Его телеграфный стиль вдруг вызвал в ней раздражение. Короткие простые фразы – точно учитель, разговаривающий с ребенком.
– Мне все это непонятно. Я могла бы стать ею тысячу раз. Смотреть ее глазами. Мыслить ее мозгом… – ей пришлось взять себя в руки, потому что она начала его передразнивать, – но я все равно не понимаю, как это происходит. Как можно захотеть чего-то подобного… – она не могла подобрать слов, – …противного природе.
Она отвернулась от доктора, пытаясь скрыть слезы, вызванные глубоким возмущением, хотя думала, что проработала проблему и сегодня будет свободна от эмоций. Внезапно ей показалось, что Хой тихо рассмеялся. Она повернулась к нему, испытывая еще большее раздражение, однако врач лишь покашливал, закуривая полезную сигарету, так что она заговорила снова, все быстрее и громче:
– Я здесь только потому, что никто больше из родственников не захотел заняться организацией всего этого. Я – ее сестра. Родители – старики и мало что в этом смыслят. Дети приняли ее решение за чистую монету, во всяком случае дочь. Сын от всего этого отстранился. Он испытывает только боль. Я взяла это на себя, но я этого не понимаю. И, честно говоря, не хочу понимать. Мне наплевать. Я приехала все оформить.
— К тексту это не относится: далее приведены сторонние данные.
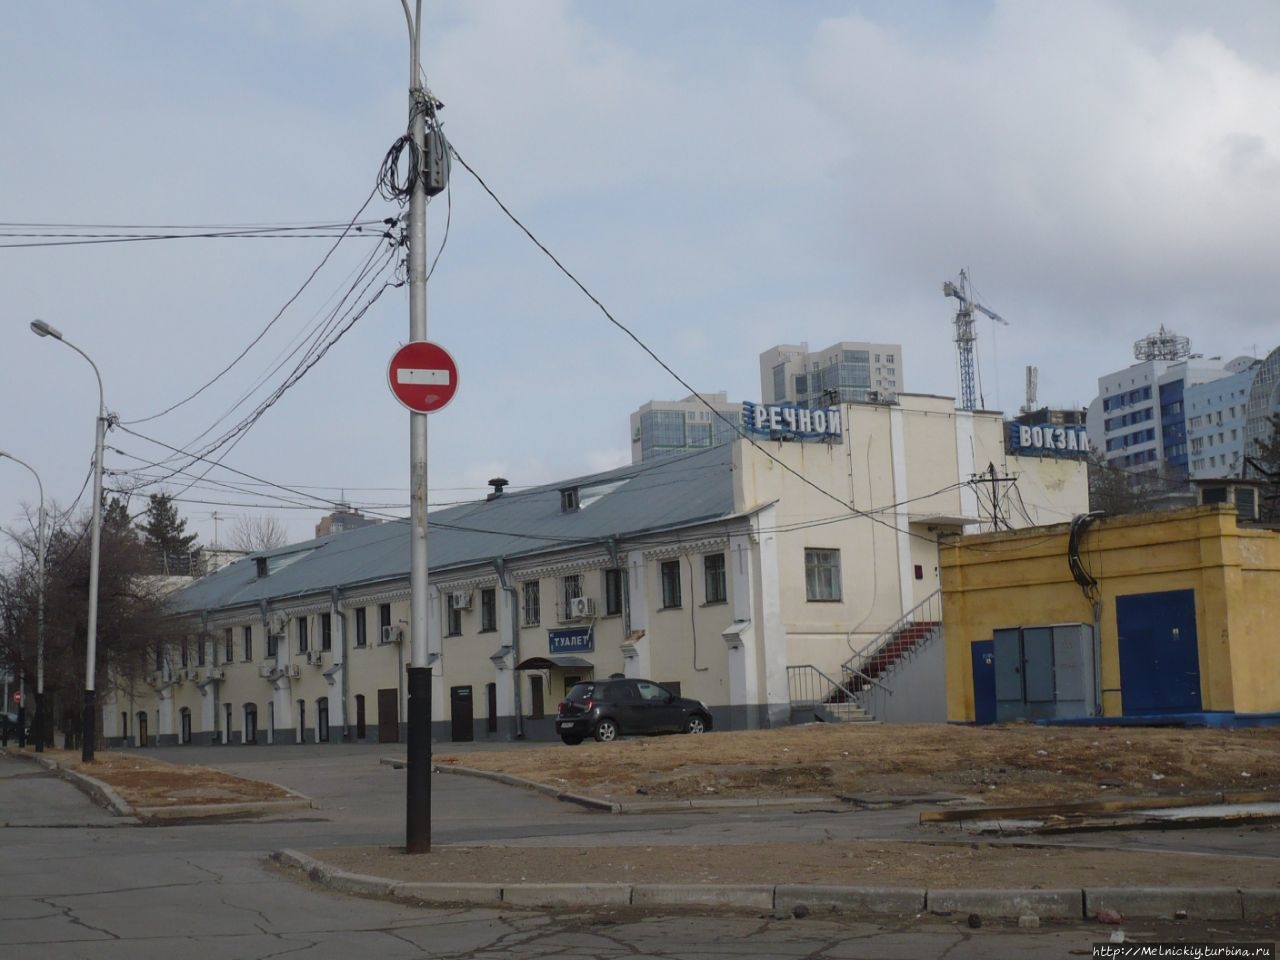 Хабаровск – город русских первопроходцев

Злость действовала на нее благотворно, прибавляла сил и уверенности, но доктор Хой, стройный азиат с непроницаемым лицом, все равно смотрел с выражением, которое можно было бы определить как ласковое высокомерие.
– Ты имеешь право на гнев и разочарование. С их помощью ты защищаешься. Защищаешь свою интегральность, – продолжал он умничать, это было невыносимо.
– Отвяжись, – сказала она беззвучно, отвернувшись к озеру. И пошла вдоль берега – от вида бликов на поверхности воды, стены леса на той стороне и большого чистого неба ее злость постепенно таяла. Она почувствовала исходящий от воды покой и даже преддверие чудесного безразличия, как когда она впервые уехала из дома и решила не возвращаться. Сидела в автобусе и мысленно твердила: «Я никому ничего не должна, потому что люди отвечают за свой выбор».
– Как человек может хотеть перестать быть собой? – спросила она у идущего следом Хоя. – Это самоубийство. В определенном смысле вы совершаете по ее просьбе эвтаназию.
Хой схватил ее за руку и заставил остановиться. Он снял шапочку, теперь лицо выглядело еще более женственным. Над их головами прошуршали крылья солнечного вертолета.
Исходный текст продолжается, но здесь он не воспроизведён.